Net income is forecast $31.8-33.9 million for the year vs. the previous projection of $31.2-33.3 million. The company looks for ag segment same-store-sales growth of 8-13% vs. its prior range of 5-10%. Construction segment same-store sales growth is now expected to be 18-23% compared with the prior range of 12-18%. Titan continues to forecast equipment margins at approximately 9.8%.
“Ag industry growth drivers remain healthy with high crop prices due to tight global supplies and growing farm incomes, favorable crop growth in Titan markets and continuing depreciation tax incentives to motivate purchases,” Rick Nelson of
Stephens Inc. said in a note.
“We believe acquisitions remain an integral part of Titan’s growth strategy and 10-15% of growth will come through acquisitions.”

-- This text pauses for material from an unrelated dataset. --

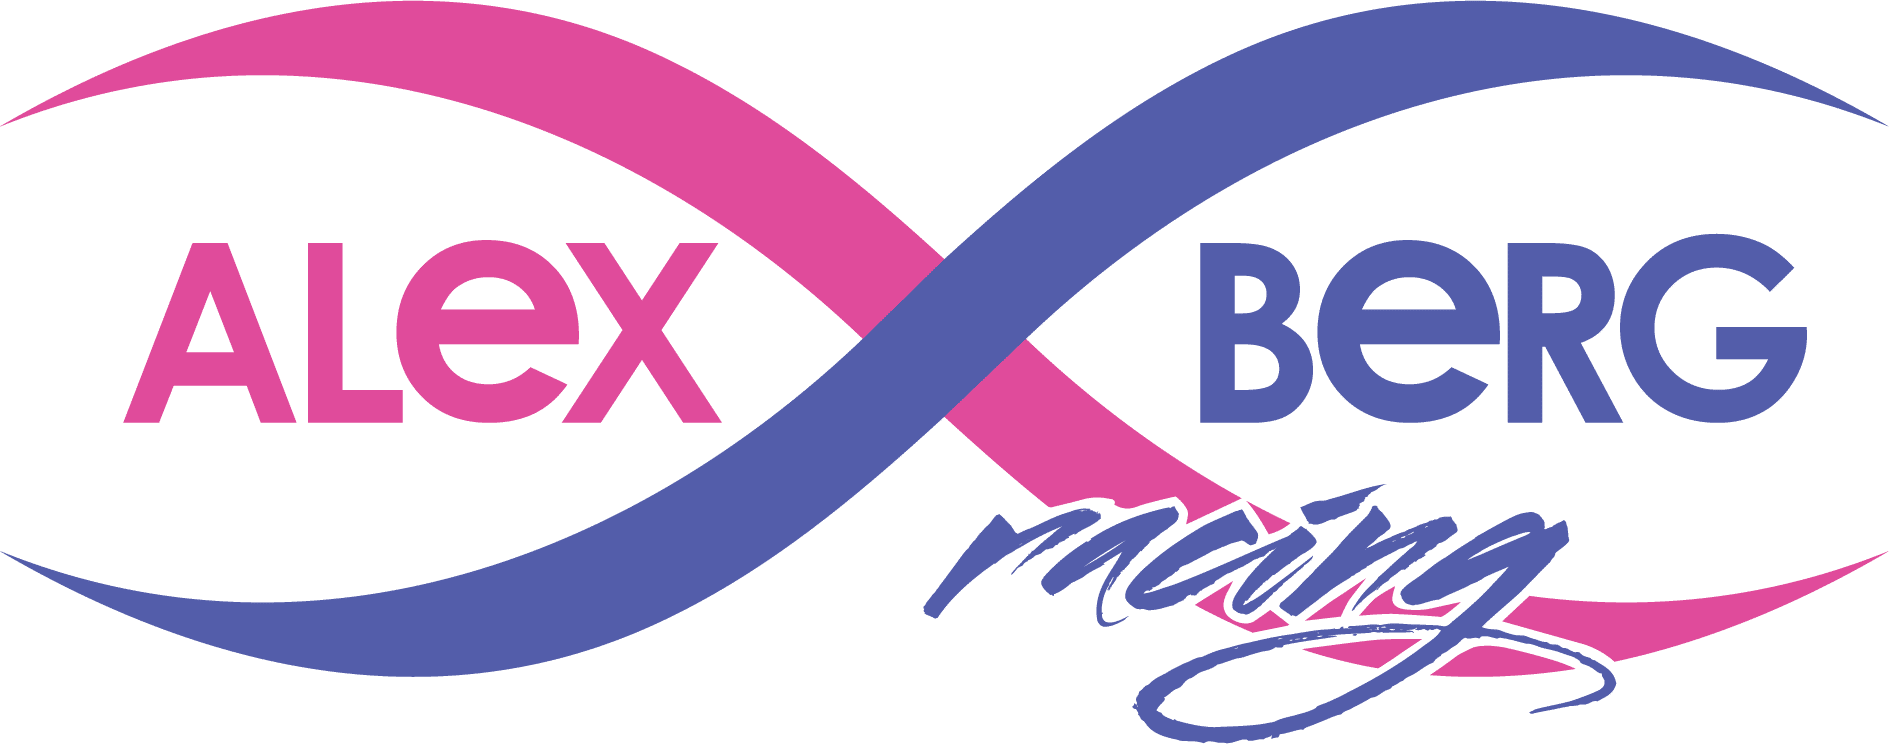 Alex berg racing logo

Nelson says he would not be surprised to see Titan enter international markets, including Eastern Europe, where the industry is ripe for consolidation. "Given Titan's successful track record of consolidation in the Upper Midwest, we think CNH would look to Titan to bring its expertise to foreign markets."
In a note to investors, Robert McCarthy, analyst for RW Baird commented on some shareholders who were concerned about Titan Machinery’s rising inventory, calling them “overblown.”
He says of the $159 million sequential inventory increase in the second quarter, “roughly $43 million is from acquisitions and the balance is primarily new equipment to support seasonally stronger second half 2012 equipment sales and to circumvent potential manufacturer supply constraints,” says McCarthy.